• _Work request_
Nothing but the lines from the one containing "4 bed semi-detached" through the one containing "Teppich Cosmo Grey", both included, should be given again, each exactly as written below.

• _Materials provided_

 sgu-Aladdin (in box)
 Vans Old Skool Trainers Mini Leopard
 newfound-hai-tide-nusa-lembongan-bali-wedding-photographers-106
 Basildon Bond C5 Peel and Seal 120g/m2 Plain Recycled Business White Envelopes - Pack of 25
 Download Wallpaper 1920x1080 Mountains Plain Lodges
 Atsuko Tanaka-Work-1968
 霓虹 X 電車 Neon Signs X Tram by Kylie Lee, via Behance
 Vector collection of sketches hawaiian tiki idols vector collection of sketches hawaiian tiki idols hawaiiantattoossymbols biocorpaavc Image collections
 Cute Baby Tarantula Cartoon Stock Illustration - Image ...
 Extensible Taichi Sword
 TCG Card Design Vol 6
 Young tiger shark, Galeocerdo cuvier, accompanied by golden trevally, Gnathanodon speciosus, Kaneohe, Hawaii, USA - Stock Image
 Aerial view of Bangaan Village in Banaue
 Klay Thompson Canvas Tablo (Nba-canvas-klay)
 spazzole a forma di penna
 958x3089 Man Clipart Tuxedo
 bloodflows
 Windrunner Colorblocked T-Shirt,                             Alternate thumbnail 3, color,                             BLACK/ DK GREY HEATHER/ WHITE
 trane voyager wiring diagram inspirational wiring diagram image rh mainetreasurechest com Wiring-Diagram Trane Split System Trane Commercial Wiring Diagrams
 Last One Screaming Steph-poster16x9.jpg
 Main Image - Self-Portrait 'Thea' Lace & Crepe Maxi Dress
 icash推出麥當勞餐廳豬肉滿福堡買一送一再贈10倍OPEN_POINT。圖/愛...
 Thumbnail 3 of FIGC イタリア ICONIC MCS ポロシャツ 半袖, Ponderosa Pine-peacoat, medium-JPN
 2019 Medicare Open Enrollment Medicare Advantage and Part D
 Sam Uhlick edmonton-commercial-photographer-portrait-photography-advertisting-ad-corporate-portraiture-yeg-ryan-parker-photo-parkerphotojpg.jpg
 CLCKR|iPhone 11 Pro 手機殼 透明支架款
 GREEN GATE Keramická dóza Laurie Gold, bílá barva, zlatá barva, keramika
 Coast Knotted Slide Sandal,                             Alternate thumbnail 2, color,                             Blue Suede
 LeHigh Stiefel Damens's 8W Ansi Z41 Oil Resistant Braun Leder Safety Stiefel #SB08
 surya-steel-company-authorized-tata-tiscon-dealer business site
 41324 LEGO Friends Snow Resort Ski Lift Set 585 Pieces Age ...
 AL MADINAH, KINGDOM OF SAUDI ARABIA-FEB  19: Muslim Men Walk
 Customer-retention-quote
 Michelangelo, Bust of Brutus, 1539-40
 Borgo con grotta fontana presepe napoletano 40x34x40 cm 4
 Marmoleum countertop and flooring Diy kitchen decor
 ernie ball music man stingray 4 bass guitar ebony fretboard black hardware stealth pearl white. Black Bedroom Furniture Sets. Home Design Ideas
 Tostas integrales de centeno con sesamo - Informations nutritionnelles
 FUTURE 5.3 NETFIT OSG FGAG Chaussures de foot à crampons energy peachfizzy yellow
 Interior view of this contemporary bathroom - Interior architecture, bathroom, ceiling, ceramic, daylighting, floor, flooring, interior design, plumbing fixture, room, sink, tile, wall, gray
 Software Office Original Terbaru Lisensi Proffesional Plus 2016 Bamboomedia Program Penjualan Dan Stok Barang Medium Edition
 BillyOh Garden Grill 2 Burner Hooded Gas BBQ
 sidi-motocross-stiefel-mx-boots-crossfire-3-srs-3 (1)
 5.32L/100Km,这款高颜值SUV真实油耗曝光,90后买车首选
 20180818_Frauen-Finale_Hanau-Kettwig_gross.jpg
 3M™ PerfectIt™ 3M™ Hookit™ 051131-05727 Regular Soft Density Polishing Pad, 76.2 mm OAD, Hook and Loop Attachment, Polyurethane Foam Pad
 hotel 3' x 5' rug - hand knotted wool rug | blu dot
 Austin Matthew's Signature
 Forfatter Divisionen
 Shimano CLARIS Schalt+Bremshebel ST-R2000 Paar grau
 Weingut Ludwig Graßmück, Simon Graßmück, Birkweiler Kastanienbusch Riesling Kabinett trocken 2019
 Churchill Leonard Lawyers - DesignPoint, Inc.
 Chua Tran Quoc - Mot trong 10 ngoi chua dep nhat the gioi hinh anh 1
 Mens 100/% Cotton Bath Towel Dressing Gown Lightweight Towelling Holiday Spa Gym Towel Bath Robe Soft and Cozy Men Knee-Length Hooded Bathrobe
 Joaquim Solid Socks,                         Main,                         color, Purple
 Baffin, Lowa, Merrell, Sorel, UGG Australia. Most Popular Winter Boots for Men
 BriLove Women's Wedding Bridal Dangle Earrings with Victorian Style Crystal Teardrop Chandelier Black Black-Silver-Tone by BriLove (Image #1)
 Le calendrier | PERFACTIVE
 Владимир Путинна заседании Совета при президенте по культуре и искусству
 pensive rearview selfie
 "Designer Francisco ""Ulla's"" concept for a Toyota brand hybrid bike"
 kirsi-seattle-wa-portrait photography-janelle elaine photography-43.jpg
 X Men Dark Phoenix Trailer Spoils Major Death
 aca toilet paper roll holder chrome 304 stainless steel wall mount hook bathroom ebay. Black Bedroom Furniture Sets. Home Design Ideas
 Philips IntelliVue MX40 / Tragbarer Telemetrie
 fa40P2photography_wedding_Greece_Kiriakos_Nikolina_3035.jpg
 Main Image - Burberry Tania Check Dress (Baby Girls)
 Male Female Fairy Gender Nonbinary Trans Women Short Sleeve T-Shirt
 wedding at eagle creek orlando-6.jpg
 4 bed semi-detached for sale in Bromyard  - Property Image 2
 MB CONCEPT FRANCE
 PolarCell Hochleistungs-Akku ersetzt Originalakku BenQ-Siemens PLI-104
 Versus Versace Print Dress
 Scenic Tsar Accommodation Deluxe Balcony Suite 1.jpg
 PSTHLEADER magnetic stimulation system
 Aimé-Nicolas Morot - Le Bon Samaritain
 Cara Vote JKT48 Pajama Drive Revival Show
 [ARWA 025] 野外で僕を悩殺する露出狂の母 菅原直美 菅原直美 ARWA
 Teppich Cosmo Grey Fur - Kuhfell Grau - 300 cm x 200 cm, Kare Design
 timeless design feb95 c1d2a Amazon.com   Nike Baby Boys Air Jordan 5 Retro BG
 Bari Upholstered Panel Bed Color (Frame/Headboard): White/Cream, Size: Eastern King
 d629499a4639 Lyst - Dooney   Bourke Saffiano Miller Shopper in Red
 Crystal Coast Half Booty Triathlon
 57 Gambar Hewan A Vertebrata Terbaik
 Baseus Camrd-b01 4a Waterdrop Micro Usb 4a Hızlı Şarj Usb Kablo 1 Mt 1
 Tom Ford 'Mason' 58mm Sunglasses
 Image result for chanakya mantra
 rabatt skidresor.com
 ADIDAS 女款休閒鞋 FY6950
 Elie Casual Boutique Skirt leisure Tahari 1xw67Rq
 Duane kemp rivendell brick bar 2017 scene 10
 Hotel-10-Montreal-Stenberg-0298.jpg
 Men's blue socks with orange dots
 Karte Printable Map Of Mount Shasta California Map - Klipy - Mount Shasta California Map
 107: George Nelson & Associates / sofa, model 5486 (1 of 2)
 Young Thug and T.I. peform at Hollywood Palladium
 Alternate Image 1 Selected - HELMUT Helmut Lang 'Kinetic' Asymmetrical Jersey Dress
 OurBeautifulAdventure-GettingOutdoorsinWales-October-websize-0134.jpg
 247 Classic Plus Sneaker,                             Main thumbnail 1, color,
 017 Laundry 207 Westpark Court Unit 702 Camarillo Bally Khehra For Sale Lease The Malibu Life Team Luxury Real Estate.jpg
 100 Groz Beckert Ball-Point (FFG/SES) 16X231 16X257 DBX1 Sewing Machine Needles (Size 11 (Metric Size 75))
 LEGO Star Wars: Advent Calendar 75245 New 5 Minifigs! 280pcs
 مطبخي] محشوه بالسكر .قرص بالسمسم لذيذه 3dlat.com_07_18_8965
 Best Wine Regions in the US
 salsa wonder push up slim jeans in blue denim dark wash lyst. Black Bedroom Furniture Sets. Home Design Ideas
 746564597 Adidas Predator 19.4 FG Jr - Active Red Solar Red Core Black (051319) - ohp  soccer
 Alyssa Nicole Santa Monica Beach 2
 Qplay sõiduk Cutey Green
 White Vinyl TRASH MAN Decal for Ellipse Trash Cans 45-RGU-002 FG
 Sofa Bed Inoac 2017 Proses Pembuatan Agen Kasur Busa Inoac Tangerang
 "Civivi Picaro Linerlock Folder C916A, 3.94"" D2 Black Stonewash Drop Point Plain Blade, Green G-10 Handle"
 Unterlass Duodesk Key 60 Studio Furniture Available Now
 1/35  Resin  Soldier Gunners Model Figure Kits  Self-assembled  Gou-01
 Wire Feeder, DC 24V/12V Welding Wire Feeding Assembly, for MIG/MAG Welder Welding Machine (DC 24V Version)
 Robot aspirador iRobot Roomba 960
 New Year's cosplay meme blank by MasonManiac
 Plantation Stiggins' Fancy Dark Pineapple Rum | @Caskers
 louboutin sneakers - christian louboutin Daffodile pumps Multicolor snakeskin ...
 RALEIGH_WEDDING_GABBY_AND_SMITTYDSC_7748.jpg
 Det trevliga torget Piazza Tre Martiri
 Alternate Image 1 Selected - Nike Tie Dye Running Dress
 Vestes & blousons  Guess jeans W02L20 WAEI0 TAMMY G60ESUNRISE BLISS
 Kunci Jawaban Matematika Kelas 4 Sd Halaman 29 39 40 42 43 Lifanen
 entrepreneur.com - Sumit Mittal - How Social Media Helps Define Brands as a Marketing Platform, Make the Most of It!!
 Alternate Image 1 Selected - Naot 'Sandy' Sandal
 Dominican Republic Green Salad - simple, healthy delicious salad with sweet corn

• _Problem solution_
 4 bed semi-detached for sale in Bromyard  - Property Image 2
 MB CONCEPT FRANCE
 PolarCell Hochleistungs-Akku ersetzt Originalakku BenQ-Siemens PLI-104
 Versus Versace Print Dress
 Scenic Tsar Accommodation Deluxe Balcony Suite 1.jpg
 PSTHLEADER magnetic stimulation system
 Aimé-Nicolas Morot - Le Bon Samaritain
 Cara Vote JKT48 Pajama Drive Revival Show
 [ARWA 025] 野外で僕を悩殺する露出狂の母 菅原直美 菅原直美 ARWA
 Teppich Cosmo Grey Fur - Kuhfell Grau - 300 cm x 200 cm, Kare Design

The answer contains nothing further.